Another startup that aims to do away with refrigerant fluids is Dynamic Air Cooling, in Poland. The firm employs 13 people and has raised €3.5 million in funding, €2.3 million of which has been in the form of grants.
‘Mini tornado’
Co-founder and chief executive Pavel Panasjuk says his team came up with the idea more or less by accident when experimenting with the same technology used in jet engines.
“We created a process which is very similar to a mini tornado,” he says. It’s the twisting and spinning of the air that achieves a cooling effect since it converts thermal energy in the air to kinetic energy instead, he explains. The system can reliably push temperatures down by about 45˚C and in experiments this has worked from starting points ranging from 0˚C to 35˚C or so, adds Panasjuk.
One tricky aspect is that, currently, there’s no finalised method of determining a specific output temperature, so the team is working on a control unit to do that. “There is a solution,” hints Panasjuk, who adds that the system should achieve a COP of around 4.
If all engineering challenges are dealt with, he adds that Dynamic Air Cooling hopes to have a commercial product ready in as little as one year from today. The firm is targeting industrial refrigeration for food storage and transport.
Magnotherm, in Germany, is also determined to make fridges greener but with a totally different kind of technology. Timur Sirman, co-founder and managing director, explains that his startup’s device relies on rotating magnets. Imagine two of them, like burger buns, above and below the “burger”, which in this case is a special iron alloy full of pores, through which water may be pumped. The magnetic field created by the rotating magnets has the effect of cooling the metal alloy, and therefore any water that passes across it.
The quest for efficiency
The company, which has 32 members of staff and has raised €6.3 million to date, already has a small commercial product – a fridge that it rents out to event organisers. The fridge, dubbed Polaris, can hold between 100 and 200 drinks, says Sirman, but only has a COP of 1, which isn’t very efficient. However, this can be solved by making a bigger fridge, he adds.
“The cooling power scales linearly with the amount of material that you put inside,” says Sirman. So with the same motors and water pump, but more of the porous iron alloy, the team hopes to achieve more cooling and a COP of up to 5 in 2024.
In principle, the same technology could be used in an air conditioning system, though that is not Magnotherm’s focus at present. The hope is that their system will be used in commercial fridges, in a modular unit that can be taken out and placed into a new fridge whenever the customer, for instance a supermarket, decides to update their hardware.

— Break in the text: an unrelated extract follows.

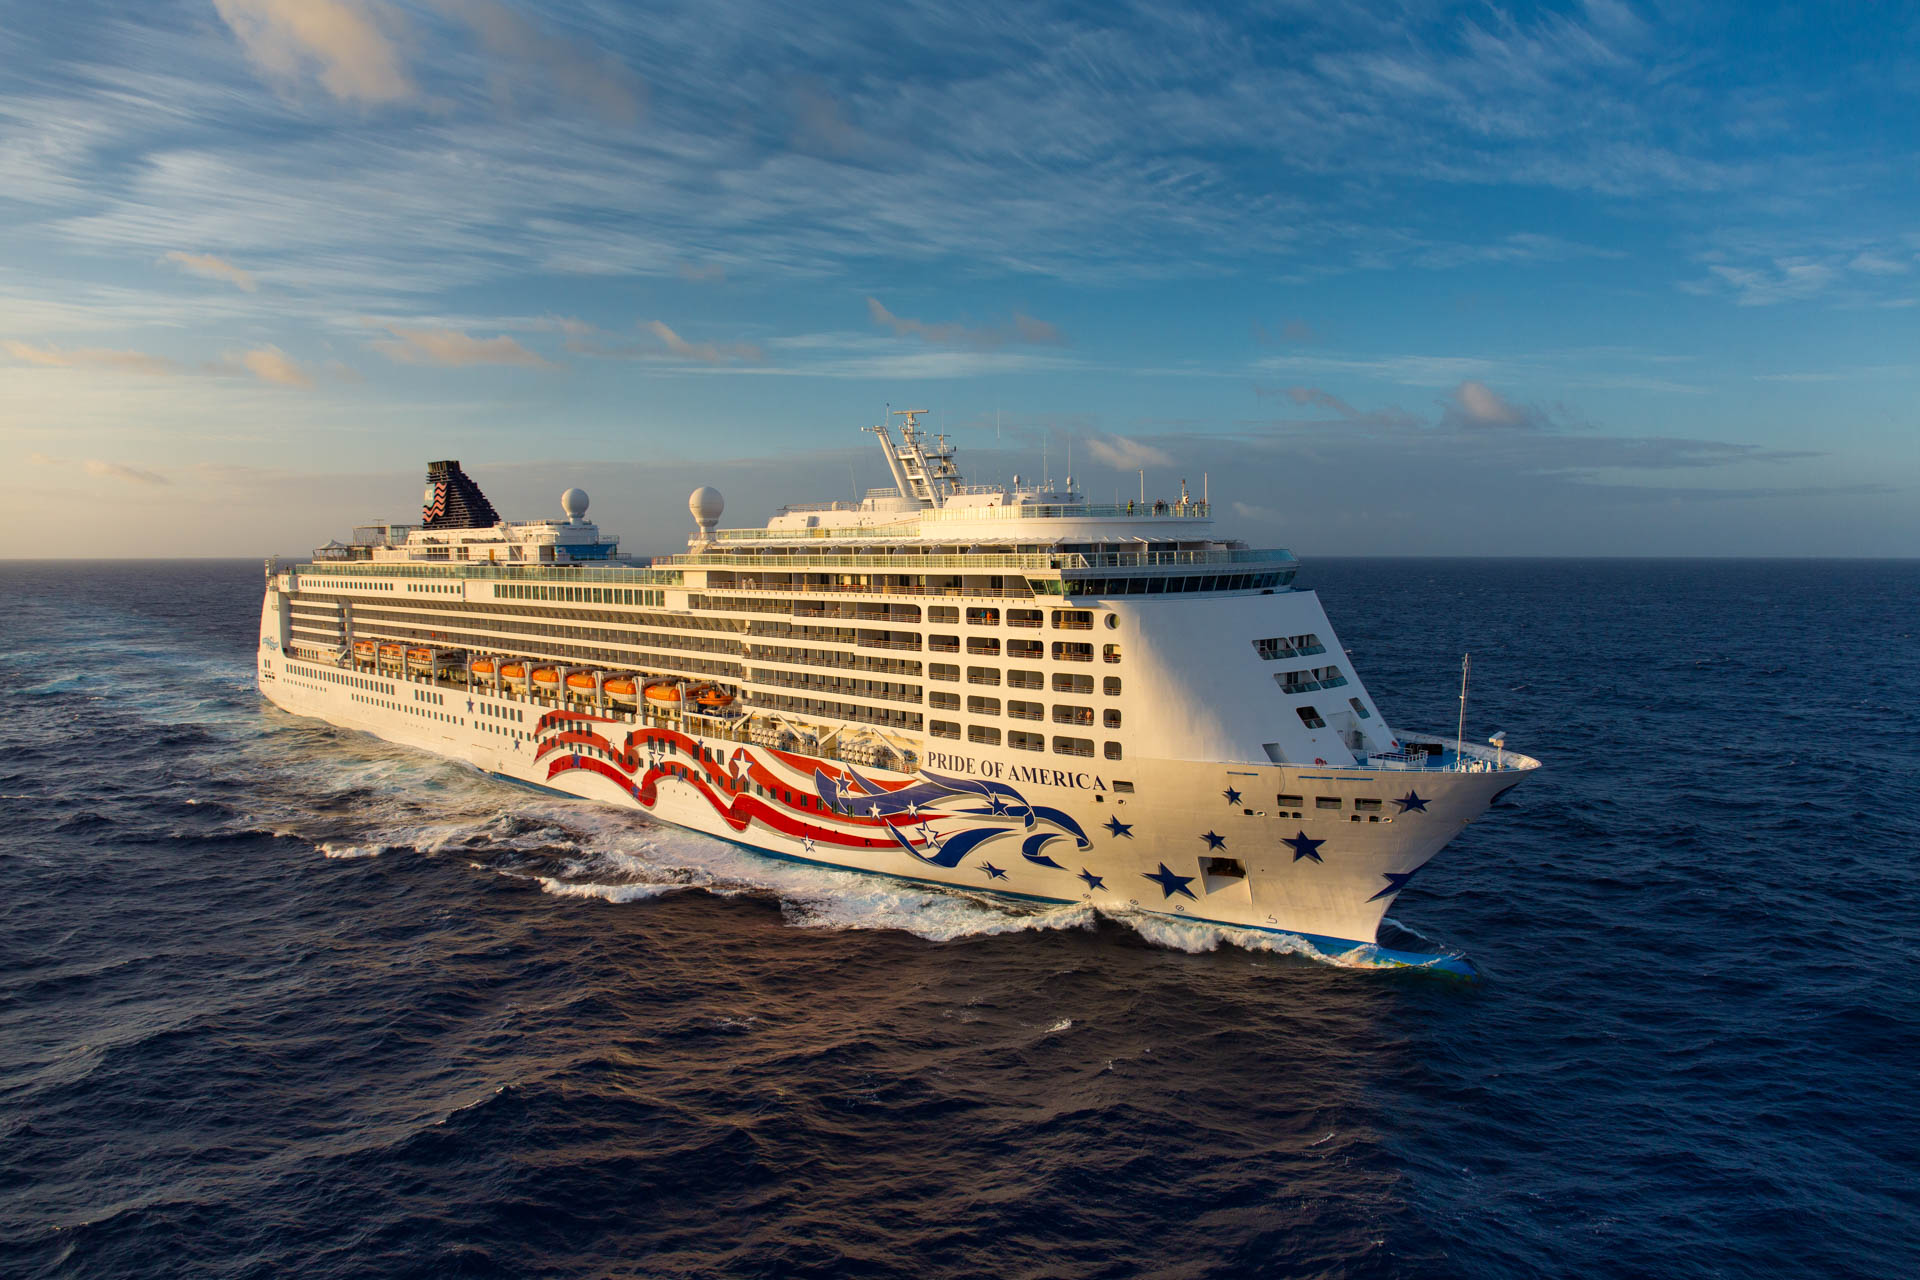 ncl hawaiian cruise 2022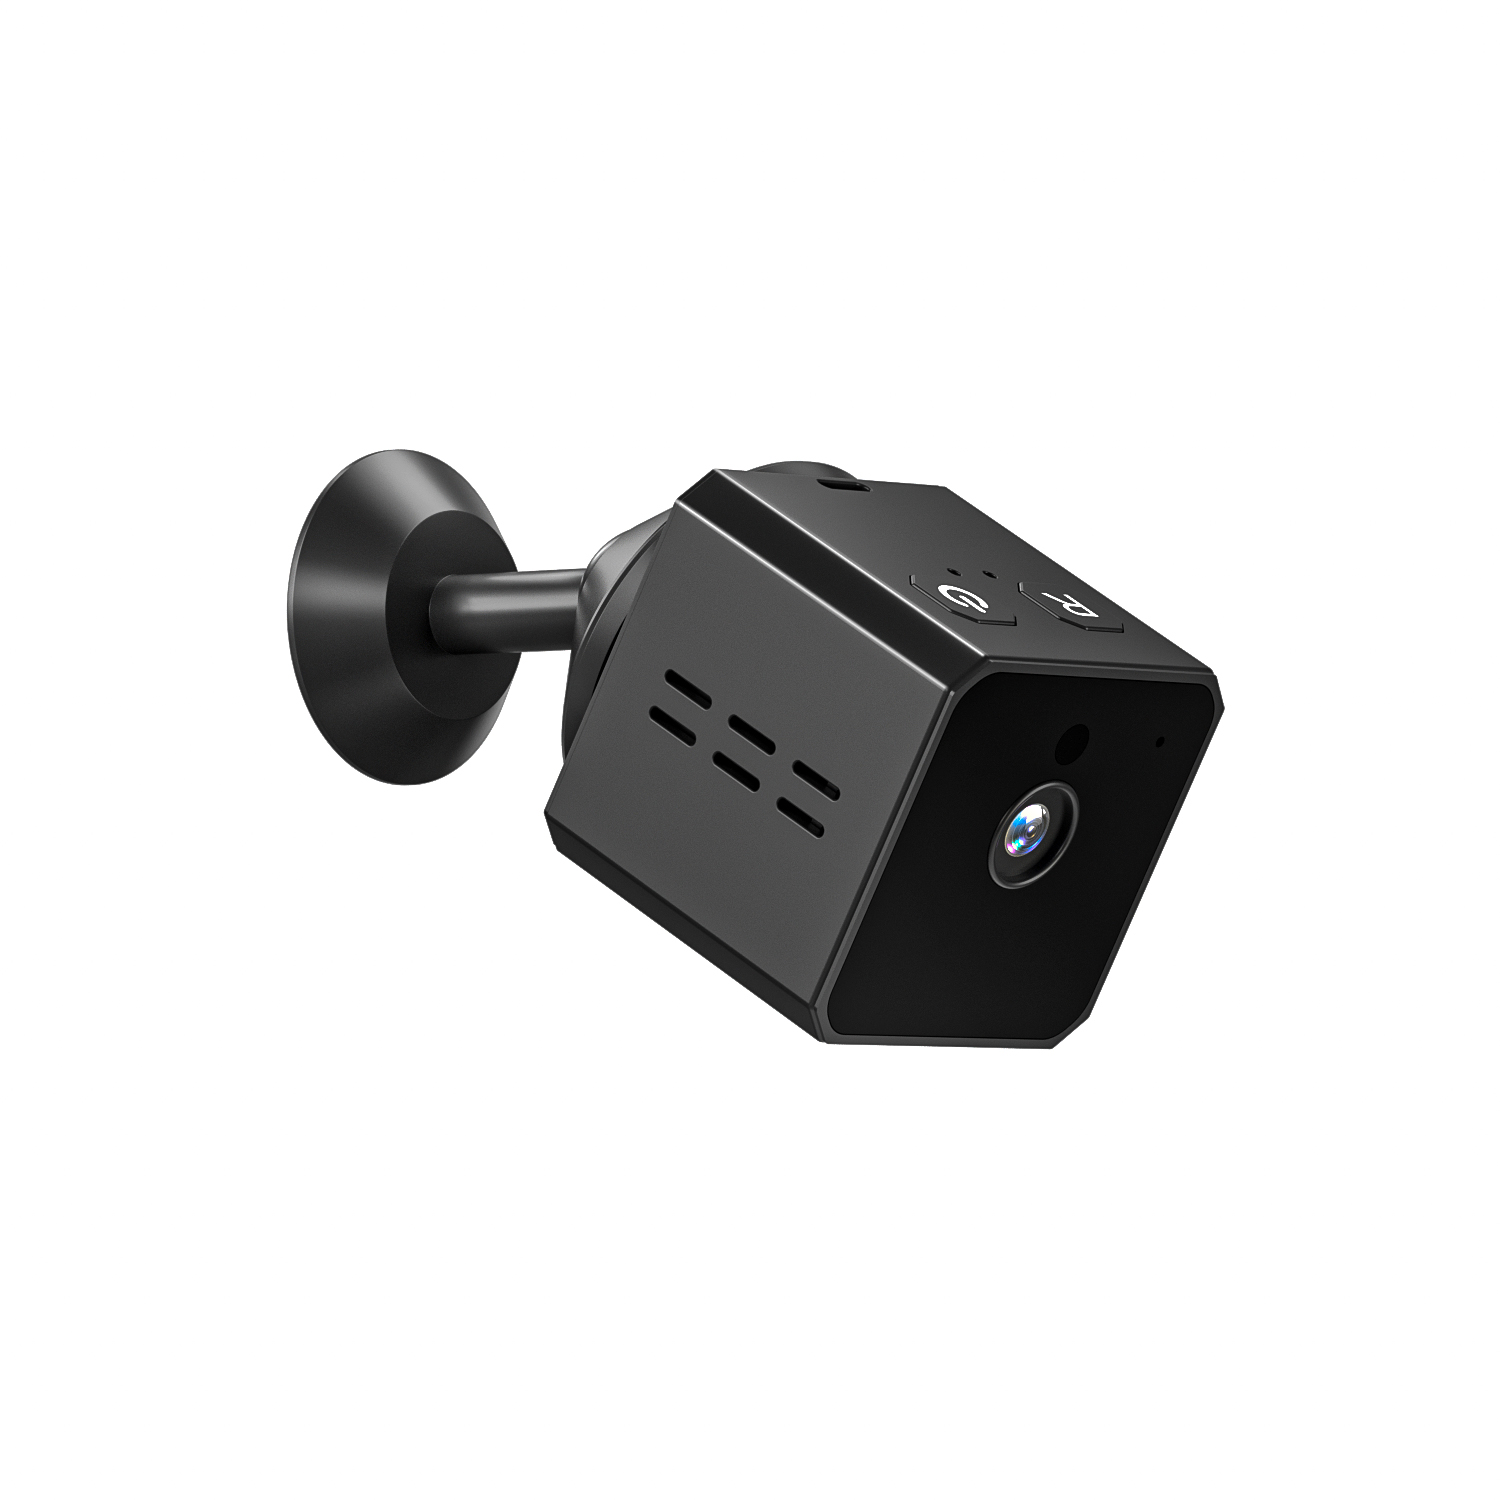 Camera Mini siêu nhỏ MI2 FHD - Lặn 10m - Hình ảnh Full HD - Báo động - Lắp đặt dễ dàng

It’s “fantastic” to see so many innovations in the field of cooling, says Nicole Miranda, a researcher on the Future of Cooling Programme at the Oxford Martin School, part of the University of Oxford. She emphasises that, in the coming years, passive cooling techniques – from textiles that keep our bodies cool to increased shade in city centres – will be just as important as technologies that require electricity to work.
But the demand for air conditioners and fridges really will be huge across the world, she adds, so it’s important to develop sustainable systems now that will not guzzle excessive amounts of energy, or be constructed from materials that have a high carbon footprint.
Consider also the many homes around Europe that were never designed to keep out excessive summer heat. And it’s not yet clear that the energy systems in such countries will be able to cope with booming demand for cooling tech in the coming years.
“It’s an easy solution to just go to a shop and get an air conditioner,” says Miranda. “That’s a huge risk for those places’ electrical networks.”